Aaron, 3, reaches for his favorite book, opens it and runs his tiny fingers across a silky square of fabric.

He shifts to lace, terrycloth and velvet as his reading mentor, Jordan Richardson, recites the names.

"Which one is corduroy?" Jordan asks Aaron. "No, not that one," Jordan says gently. "Yes, that one. High five!"

On Saturdays at 10 a.m., Aaron runs into a large and sunny room at Hope Community Inc. in south Minneapolis, where Jordan waits for him at a table covered in books. For two hours, they read together, sometimes the same book over and over.

Patient Jordan doesn't mind. Reading is his passion. And Jordan understands kids who think reading is hard.

He never told Aaron that he is blind, but after their first meeting, Aaron, who has his sight, went to the bookshelf and picked out "Cloudy With a Chance of Meatballs," the Braille version. Today, they spend most of their two hours together with "Touch the Sun: A NASA Braille Book," by Noreen Grice.

"He loves that," Jordan says. "There are not a lot of kids who get a chance to feel the textures of the sun. Hot!" Jordan says.

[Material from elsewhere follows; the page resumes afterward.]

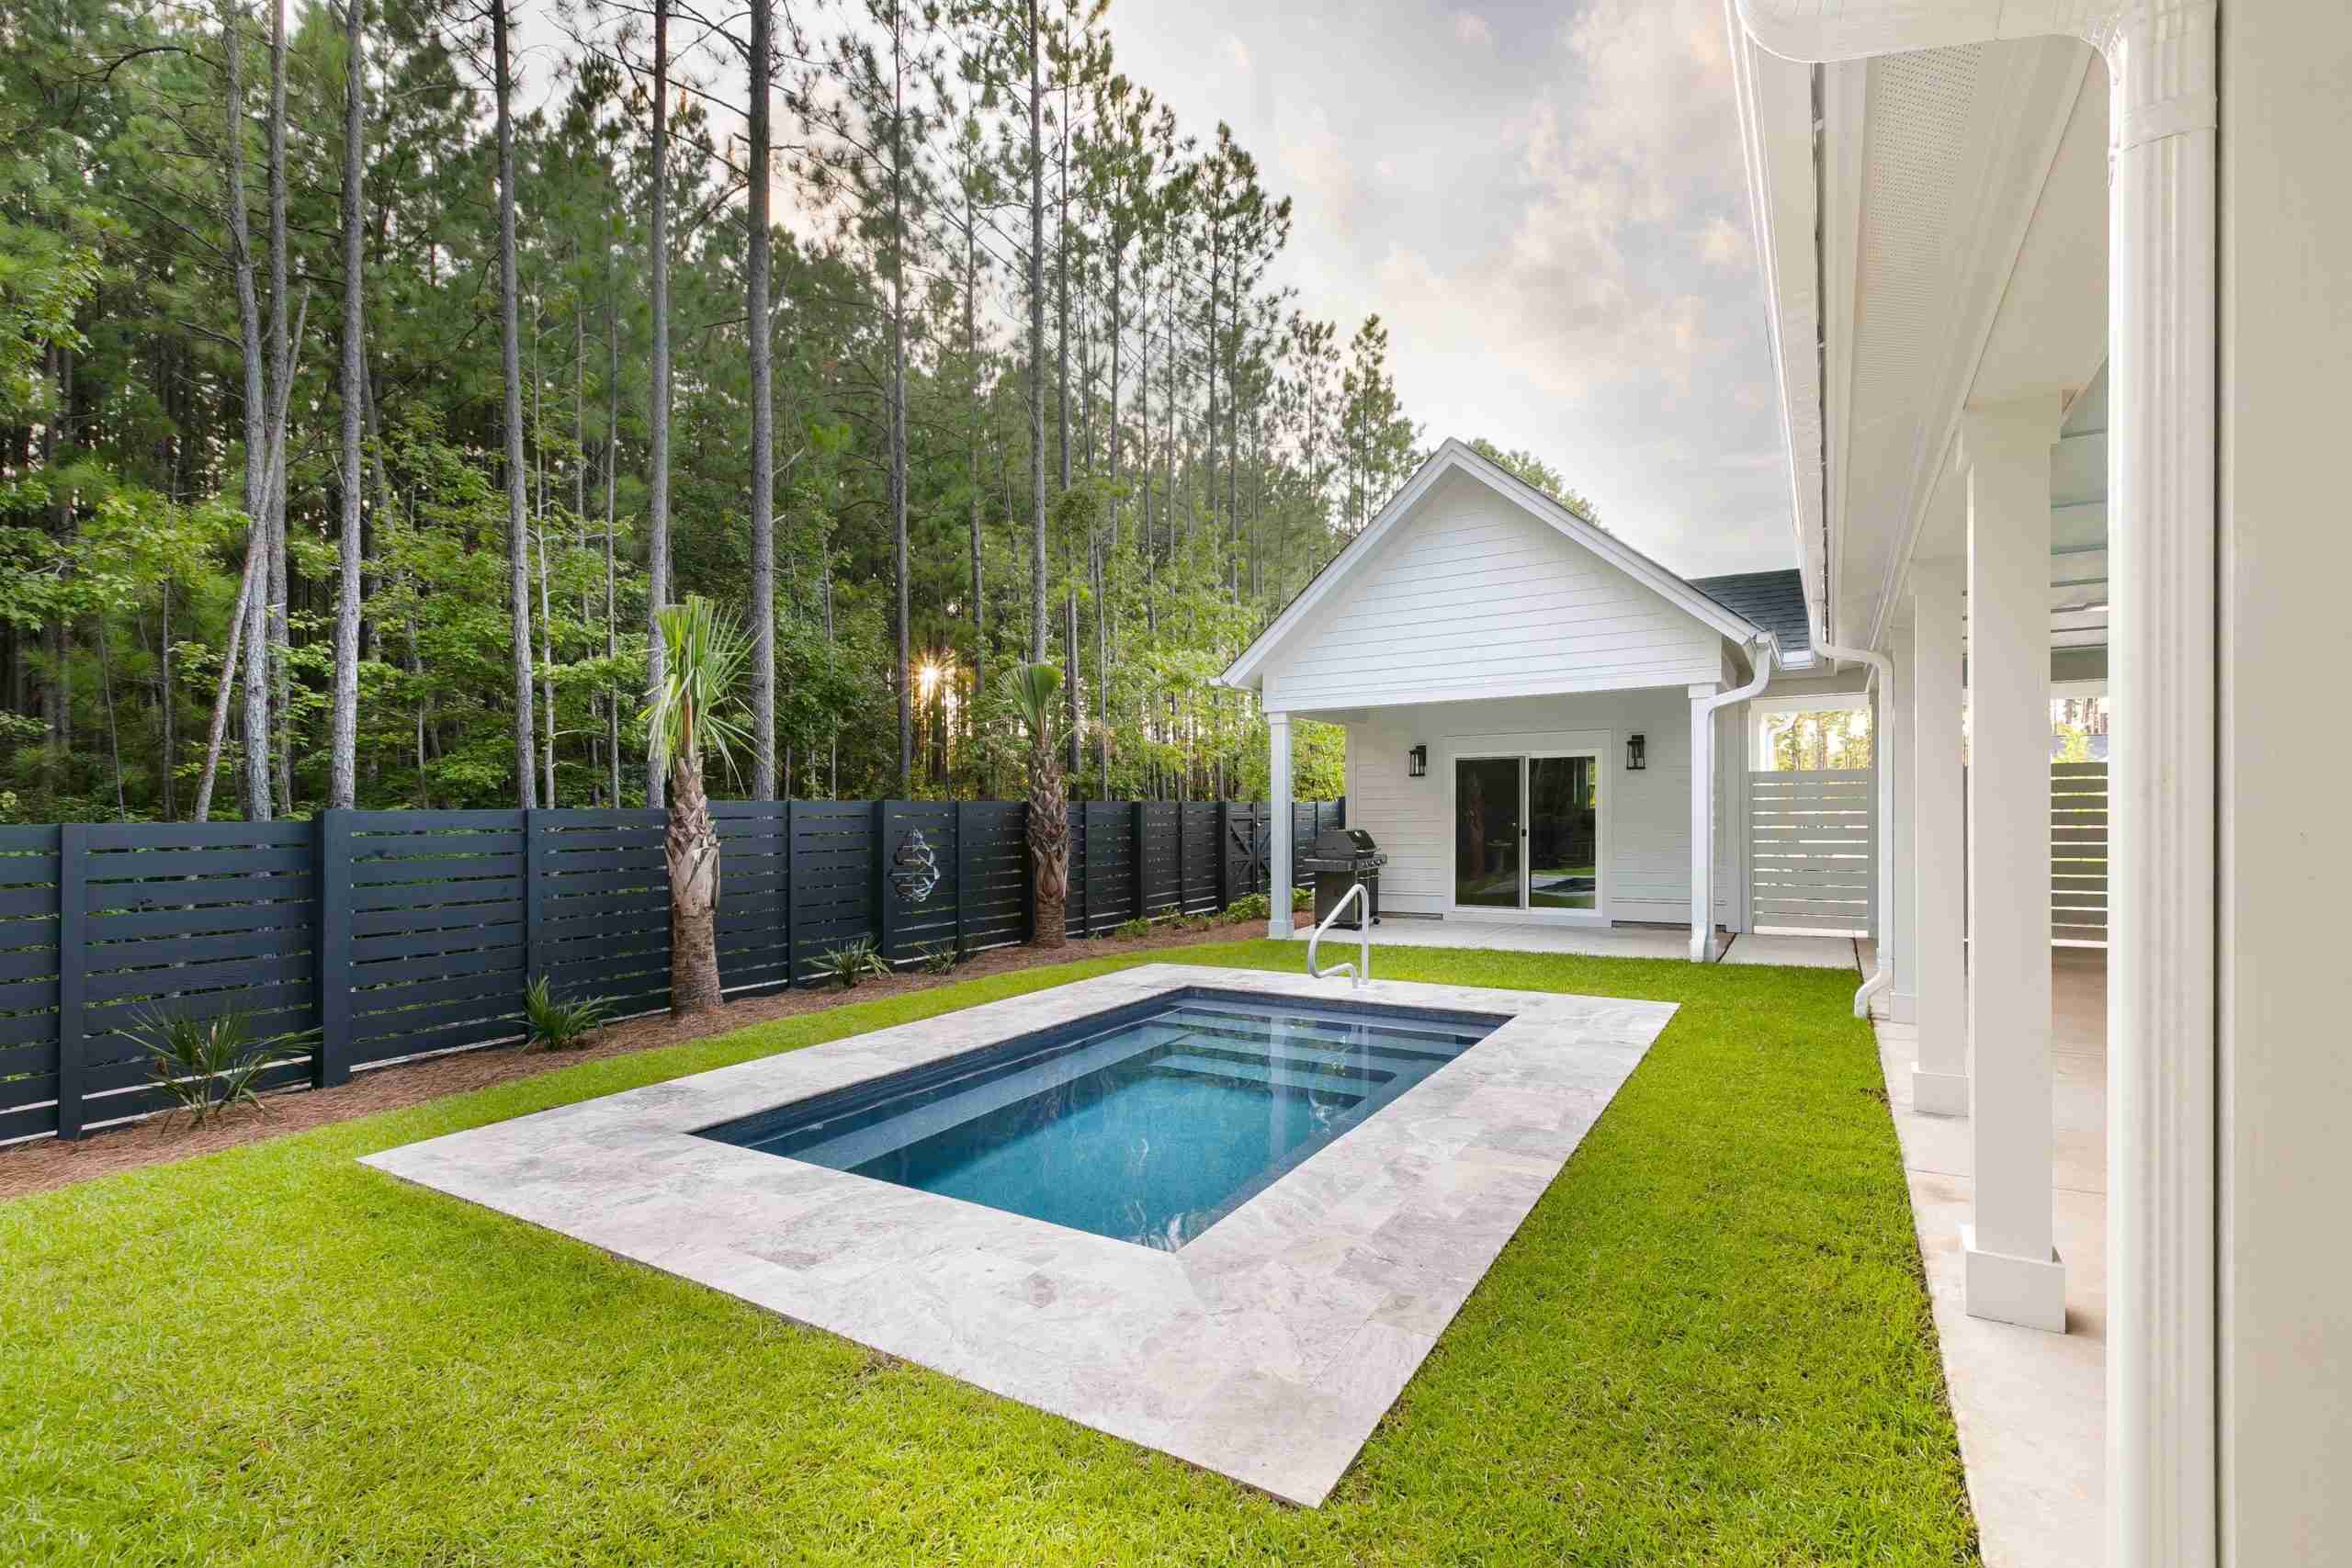 How Much Does It Cost To Put A Pool In Your Backyard

"Hot, hot, hot!" Aaron repeats.

Jordan, 22, is a political science major at the University of Minnesota and president of the Minnesota Association of Blind Students. Through a social justice and community service course, Jordan learned about Hope Community's one-on-one reading program. The opportunity tugged at his heart. Jordan remembers benefiting in kindergarten from "a really good Braille instructor" who created a box with holes to insert his hands to encourage his reading by touch.

"Reading and writing are the most important aspects of society," Jordan says. He trained with the Minnesota Literacy Council and is one of 15 college volunteers this semester.

Aaron comes on Saturdays with his parents and his two older siblings, who also have reading buddies. Aaron was a wee bit young for the program, "but he got tired of sitting on the sidelines," said the Hope program manager with a laugh. "Braille," he adds, "will give Aaron a leg up on literacy."

Jordan graduates in May and hopes to attend law school. He'll miss Aaron, but he doesn't worry about him. "I think he's going to be one of those kids who is passionate about reading," Jordan says. Maybe someday Aaron, too, will look back with gratitude at the one who first made that so.

"Every Saturday, he shouts 'Jordan, Jordan!' " says Aaron's father, Rinaldo, who often sits with his son, bursting with pride. "He wants to come."